Darracq Motor Engineering Company Limited
- Industry: Automotive
- Founded: 1 May 1916; 109 years ago in London, UK
- Founders: A Darracq and Company (1905) Limited
- Fate: Liquidated and dissolved after 1935
- Headquarters: London, United Kingdom
- Areas served: United Kingdom and British Empire except Canada
- Products: Motor bodies, motor importer
- Owners: A Darracq and Company (1905) Limited
- Parent: A Darracq and Company (1905) Limited

= Darracq Motor Engineering Company =

British vehicle importer and wholesaler

Darracq Motor Engineering Company Limited was a London importer, retailer and wholesaler of French-made Darracq and Talbot automobiles, a coachbuilder making regular production runs of bodies for S T D group products and a property holding company on behalf of its parent S T D Motors Limited.

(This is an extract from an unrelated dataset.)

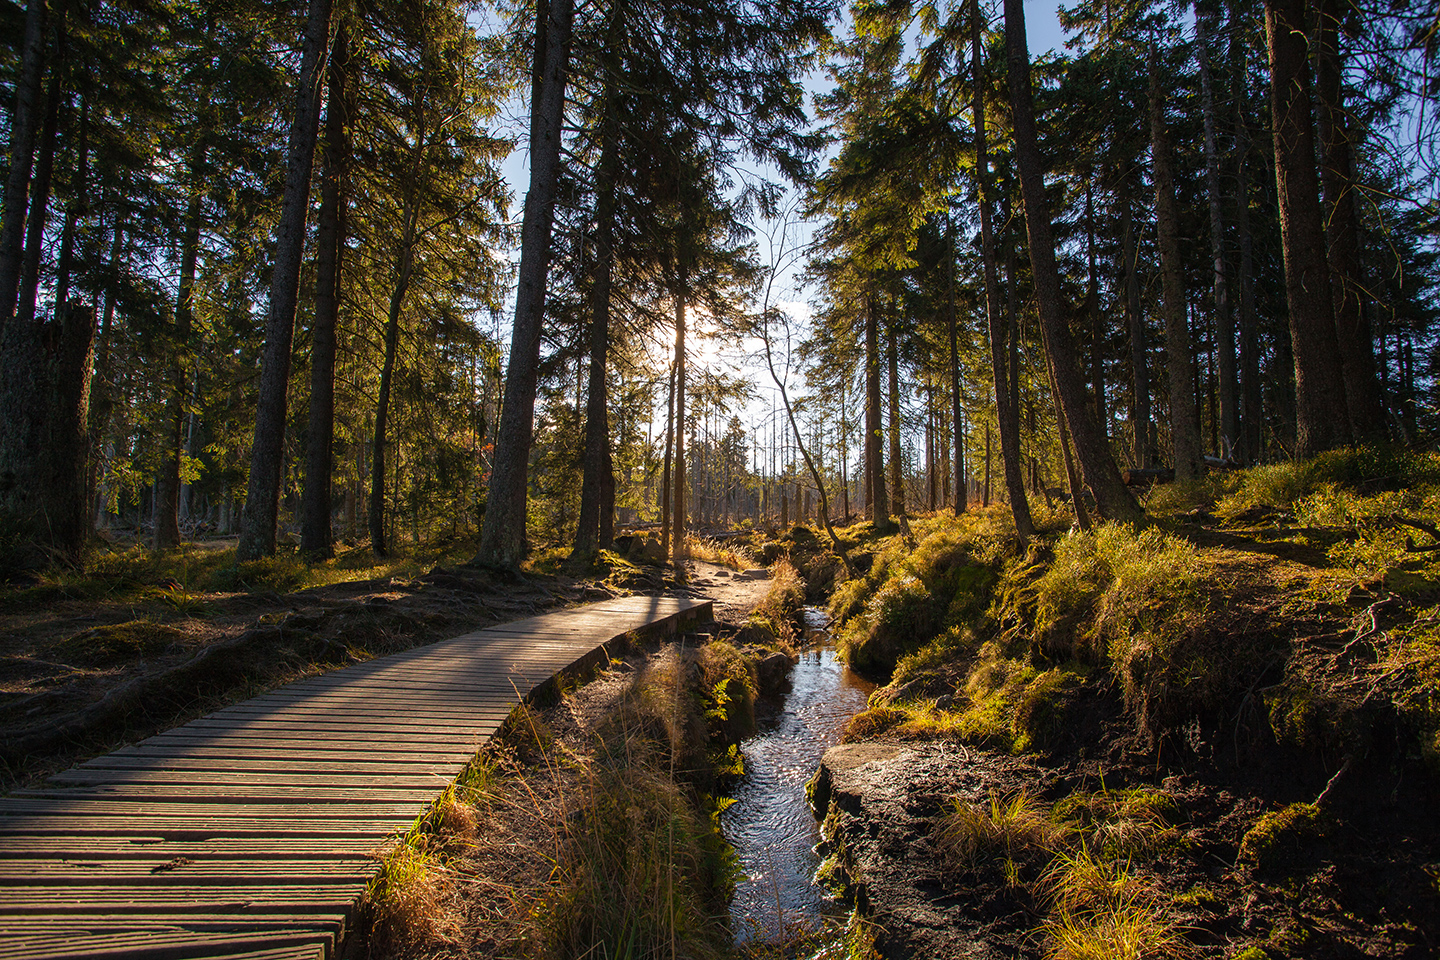 Ein idyllischer Wanderweg durch einen Wald in Deutschland. Ein Fluss fließt neben dem Holzsteg, der durch die hohen Bäume führt. Die untergehende Sonne zaubert ein wundervolles Licht.

In 1935 its assets were sold following the financial collapse of S T D Motors in 1934. The coachbuilding business was bought by the Rootes brothers and lost its separate identity.

==Purpose==
In 1916 the board of A Darracq and Company (1905) Limited (later S T D Motors) elected to rearrange ownership of its Suresnes, Paris plant and the Darracq distribution system in London. Darracq Motor Engineering was incorporated to take over their assets located in Britain: 150 Bond Street showrooms, warehouses, service garages etc., including their Fulham, London Works, at that time making munitions, aircraft and components such as propellers and under the wartime control of the Royal Aircraft Factory.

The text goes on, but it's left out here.